I'd also like to try developing one for clinicaltrials.gov, which is a website that collects data on clinical trials in the US. These entries wouldn't be journals, books, or anything that seems to fit neatly into an existing category, so I don't really know where to start when it comes to creating a translator for something like that.
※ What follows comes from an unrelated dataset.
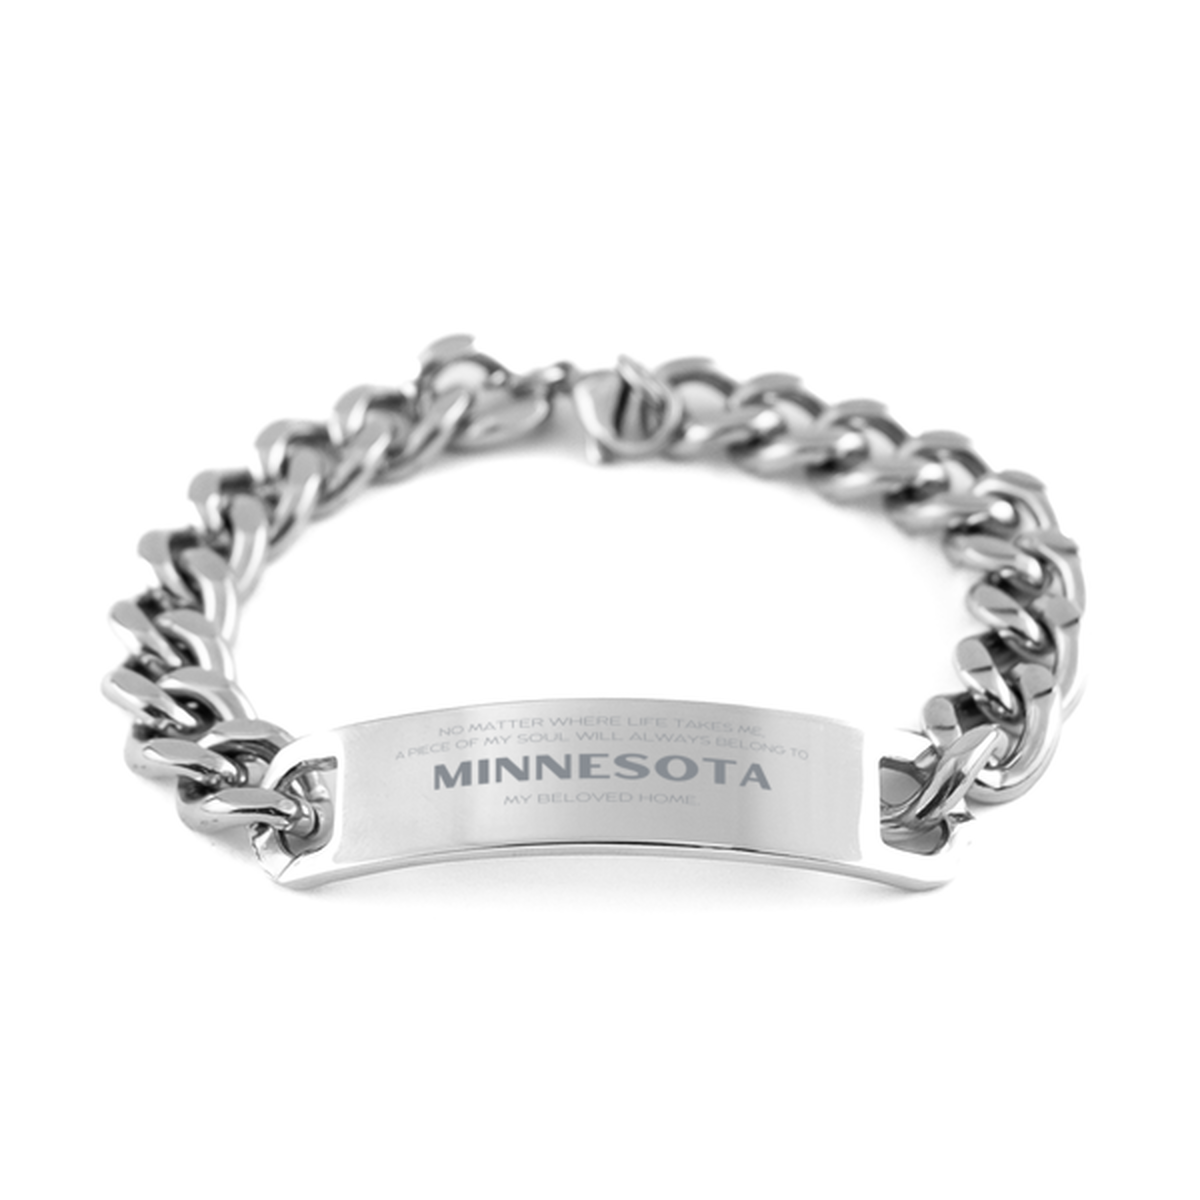 Love Minnesota State Gifts, My soul will always belong to Minnesota, Proud Cuban Chain Stainless Steel Bracelet, Birthday Unique Gifts For Minnesota Men, Women, Friends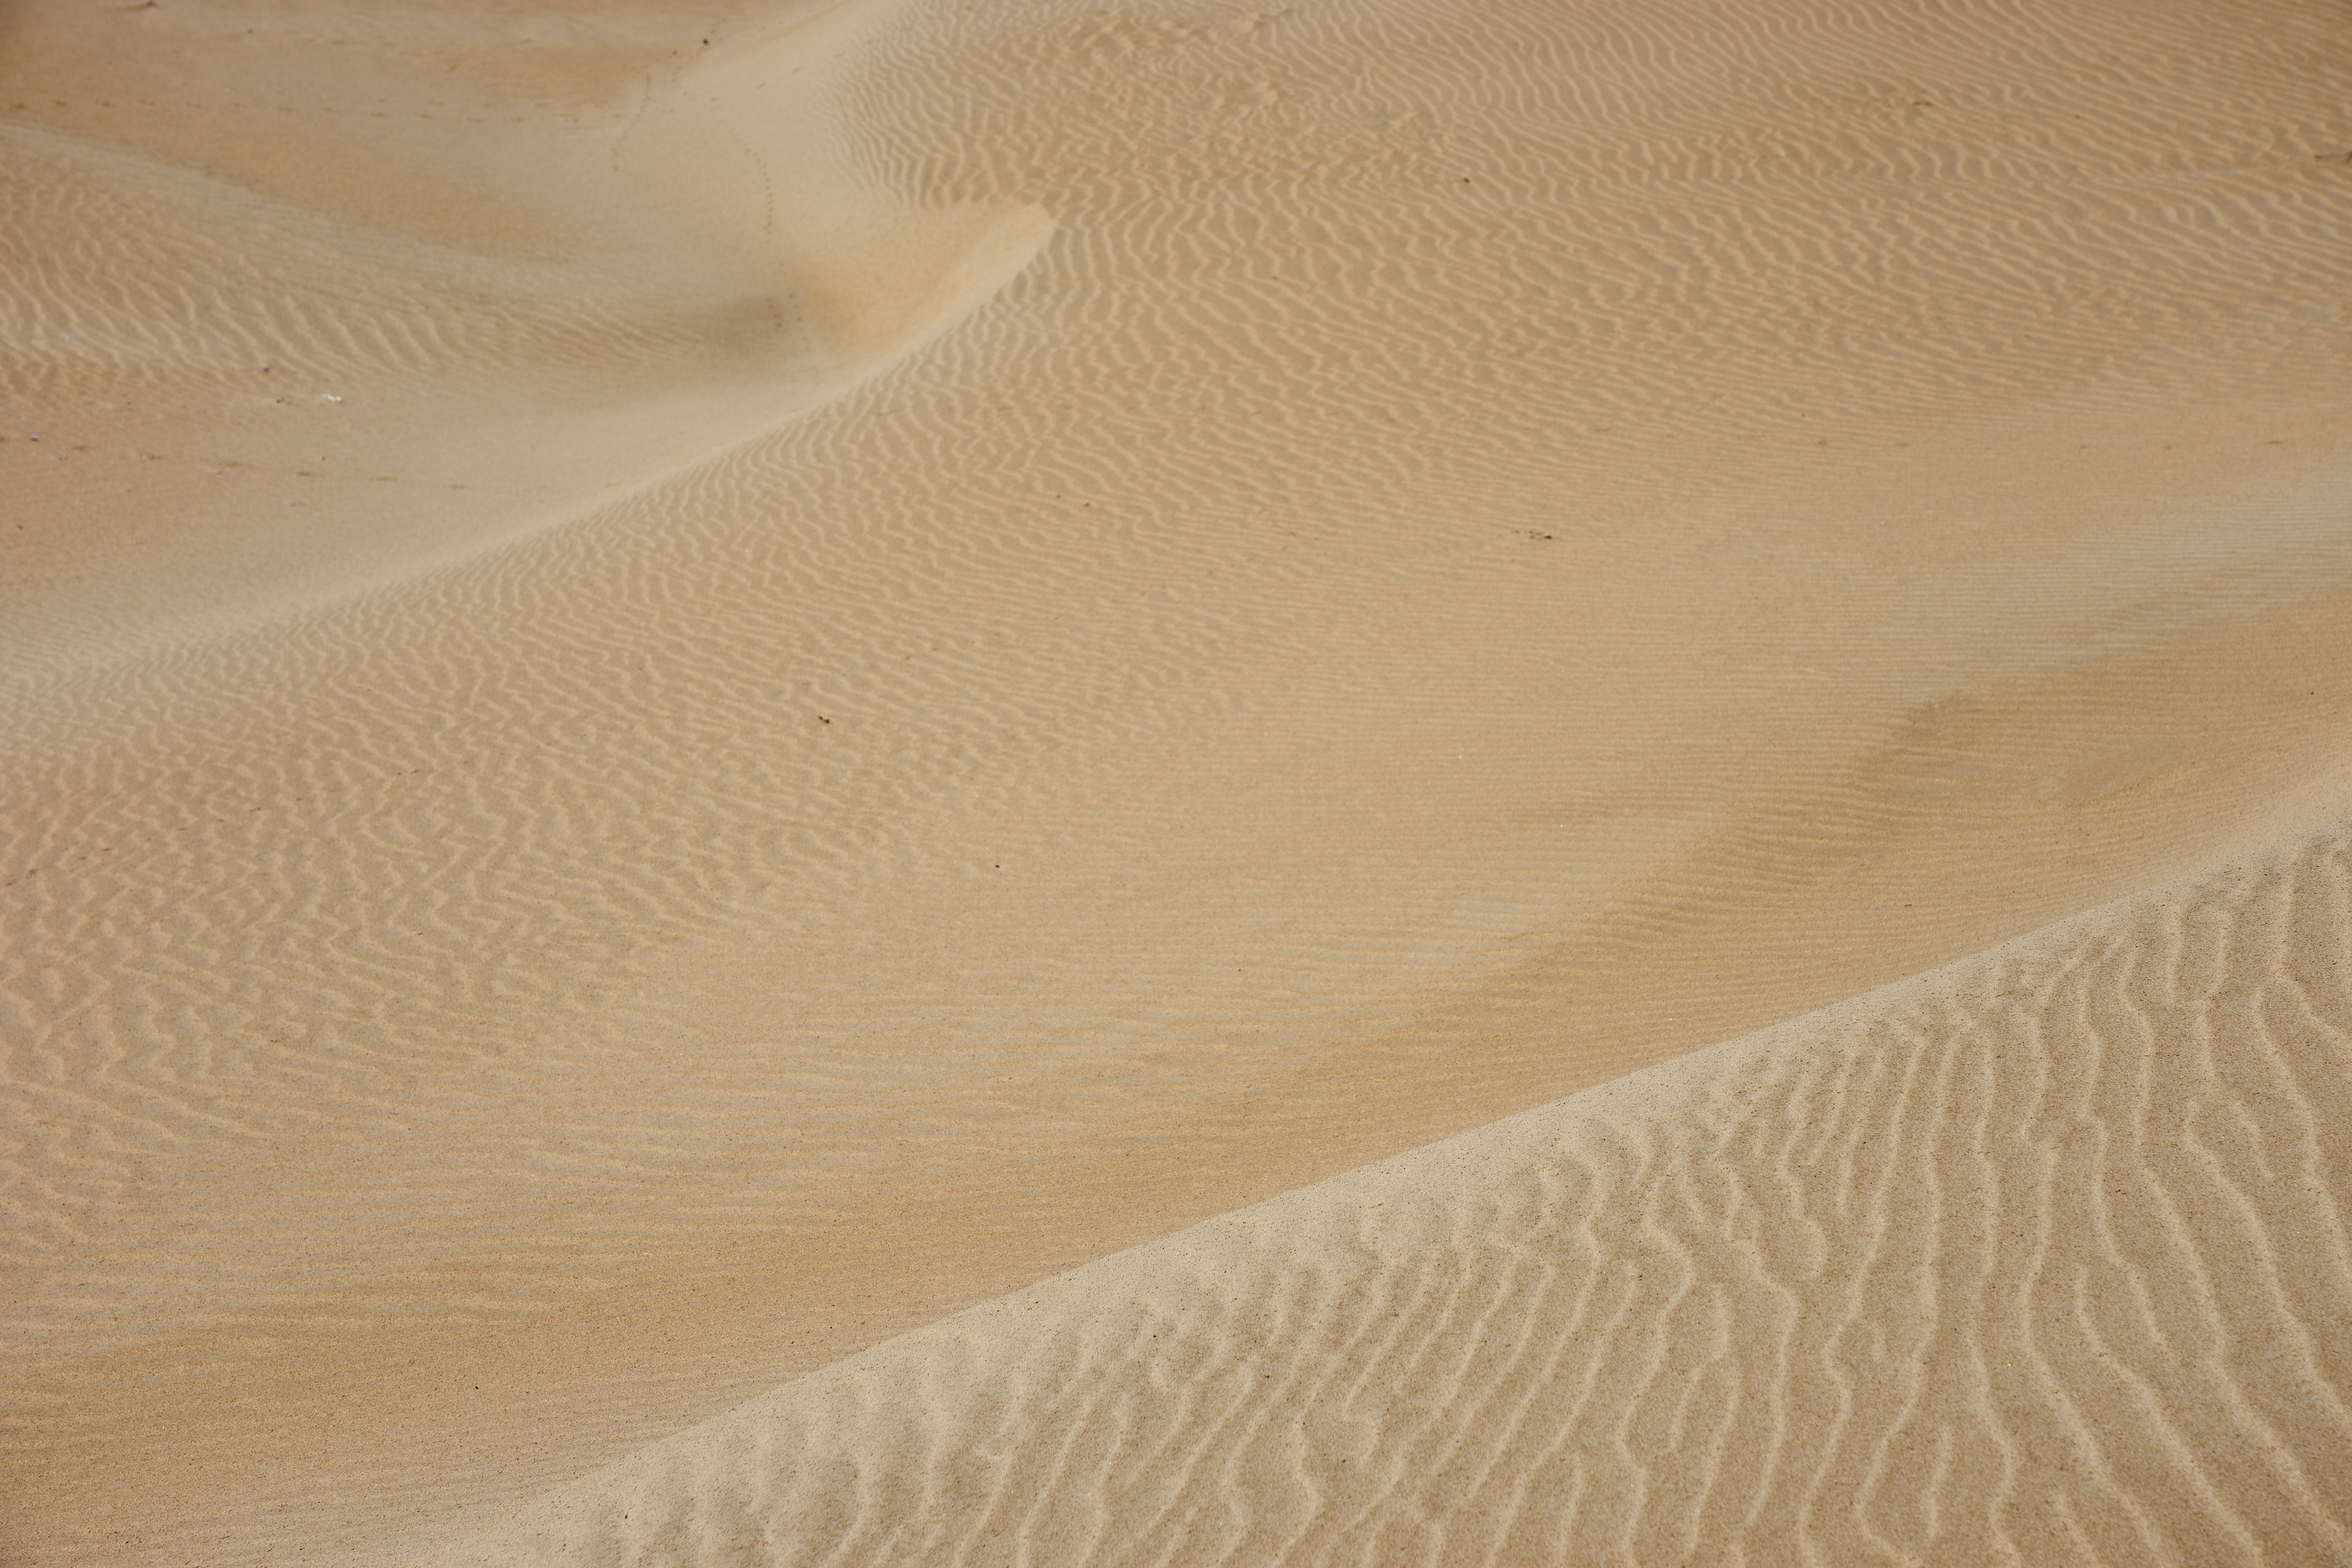 Windows Backgrounds waves, sand, desert, texture, textures, wavy

Anyway, thanks for your help. I really learned a lot and in the future if I need a site translator, I can try to jump right in.

adamsmith · July 29, 2013

yeah, why not put it up.
As for clinical trials - you're right, there's no great category, I think I'd suggest going with report and maybe switching it to dataset (which in structure is quite similar) once we introduce that item type, likely in Zotero 4.2

Graham_MTM · July 29, 2013

added pull request here

https://github.com/zotero/translators/pull/601

adamsmith · September 13, 2013

the translator is now up. Thanks to Graham for the initial work on this.

asinclair · January 23, 2014

@Graham_MTM

I came across this thread while searching for a way to get ClinicalTrials.gov data into Zotero, other than by creating a web page entry and then editing manually. You'd mentioned wanting to work on a ClinicalTrials.gov filter - is that still on your wishlist? I'd aid and abet, although I'd be starting from the bottom of the learning curve.